Department of Pathology, School of Medicine and Health Sciences, University of North Dakota, Grand Forks, ND, USA.
Cancer Cell Int. 2011 Feb 8;11(1):2. doi: 10.1186/1475-2867-11-2.
Studies have shown that metallothionein 3 (MT-3) is not expressed in normal urothelium or in the UROtsa cell line, but is expressed in urothelial cancer and in tumors generated from the UROtsa cells that have been transformed by cadmium (Cd+2) or arsenite (As+3).The present study had two major goals. One, to determine if epigenetic modifications control urothelial MT-3 gene expression and if regulation is altered by malignant transformation by Cd+2 or As+3. Two, to determine if MT-3 expression might translate clinically as a biomarker for malignant urothelial cells released into the urine.

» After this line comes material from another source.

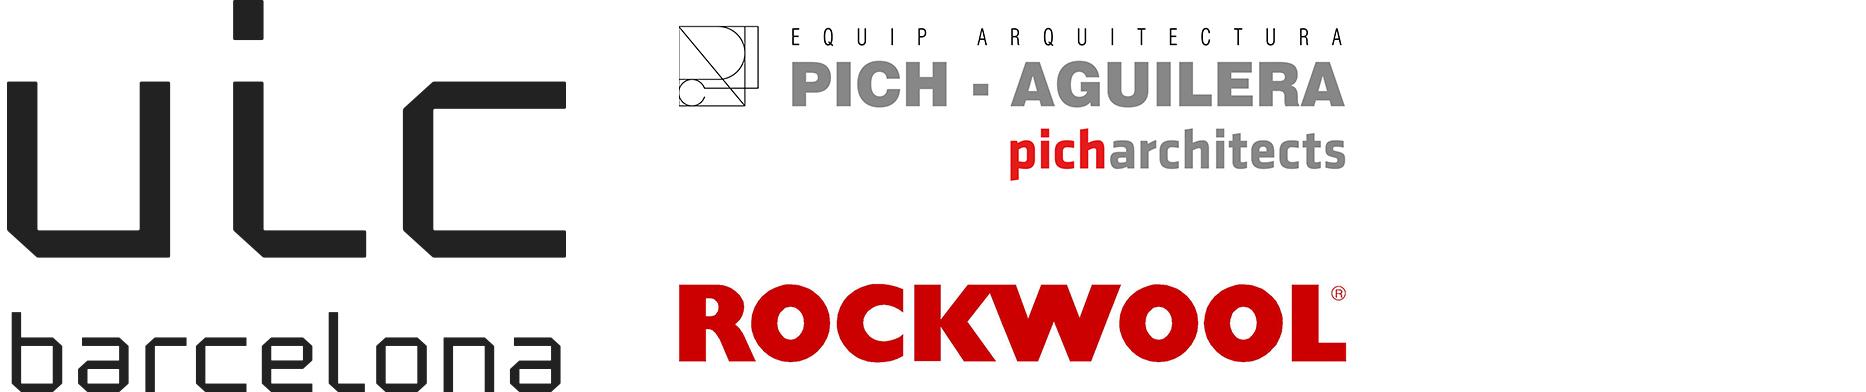 logo-nova-webuic-1v2.0

The histone deacetylase inhibitor MS-275 induced MT-3 mRNA expression in both parental UROtsa cells and their transformed counterparts. The demethylating agent, 5-Aza-2'-deoxycytidine (5-AZC) had no effect on MT-3 mRNA expression. ChIP analysis showed that metal-responsive transformation factor-1 (MTF-1) binding to metal response elements (MRE) elements of the MT-3 promoter was restricted in parental UROtsa cells, but MTF-1 binding to the MREs was unrestricted in the transformed cell lines. Histone modifications at acetyl H4, trimethyl H3K4, trimethyl H3K27, and trimethyl H3K9 were compared between the parental and transformed cell lines in the presence and absence of MS-275. The pattern of histone modifications suggested that the MT-3 promoter in the Cd+2 and As+3 transformed cells has gained bivalent chromatin structure, having elements of being "transcriptionally repressed" and "transcription ready", when compared to parental cells. An analysis of MT-3 staining in urinary cytologies showed that a subset of both active and non-active patients with urothelial cancer shed positive cells in their urine, but that control patients only rarely shed MT-3 positive cells.
The MT-3 gene is silenced in non-transformed urothelial cells by a mechanism involving histone modification of the MT-3 promoter. In contrast, transformation of the urothelial cells with either Cd+2 or As+3 modified the chromatin of the MT-3 promoter to a bivalent state of promoter readiness. Urinary cytology for MT-3 positive cells would not improve the diagnosis of urothelial cancer, but might have potential as a biomarker for tumor progression.
研究表明,金属硫蛋白 3(MT-3)在正常尿路上皮或 UROtsa 细胞系中不表达,但在膀胱癌和由镉(Cd+2)或亚砷酸盐(As+3)转化的 UROtsa 细胞生成的肿瘤中表达。本研究有两个主要目标。一是确定表观遗传修饰是否控制尿路上皮 MT-3 基因的表达,以及 Cd+2 或 As+3 引起的恶性转化是否改变了这种调节。二是确定 MT-3 表达是否可能作为释放到尿液中的恶性尿路上皮细胞的临床生物标志物进行翻译。
组蛋白去乙酰化酶抑制剂 MS-275 诱导亲本 UROtsa 细胞及其转化对应物的 MT-3 mRNA 表达。去甲基化剂 5-氮杂-2'-脱氧胞苷(5-AZC)对 MT-3 mRNA 表达没有影响。ChIP 分析表明,金属反应性转化因子-1(MTF-1)与 MT-3 启动子的金属反应元件(MRE)结合在亲本 UROtsa 细胞中受到限制,但在转化细胞系中 MTF-1 与 MRE 的结合不受限制。在存在和不存在 MS-275 的情况下,比较了亲本和转化细胞系之间乙酰化 H4、三甲基 H3K4、三甲基 H3K27 和三甲基 H3K9 组蛋白修饰的模式。与亲本细胞相比,Cd+2 和 As+3 转化细胞中的 MT-3 启动子的组蛋白修饰模式表明,该启动子具有“转录抑制”和“转录准备”的特征,获得了双价染色质结构。尿细胞学中 MT-3 染色的分析表明,患有膀胱癌的活跃和非活跃患者的亚群在尿液中脱落阳性细胞,但对照患者很少脱落 MT-3 阳性细胞。
非转化尿路上皮细胞中的 MT-3 基因通过涉及 MT-3 启动子组蛋白修饰的机制被沉默。相比之下,用 Cd+2 或 As+3 转化尿路上皮细胞会将 MT-3 启动子的染色质修饰为启动子准备的双价状态。尿细胞学中 MT-3 阳性细胞的检测不会提高膀胱癌的诊断,但可能作为肿瘤进展的生物标志物具有潜力。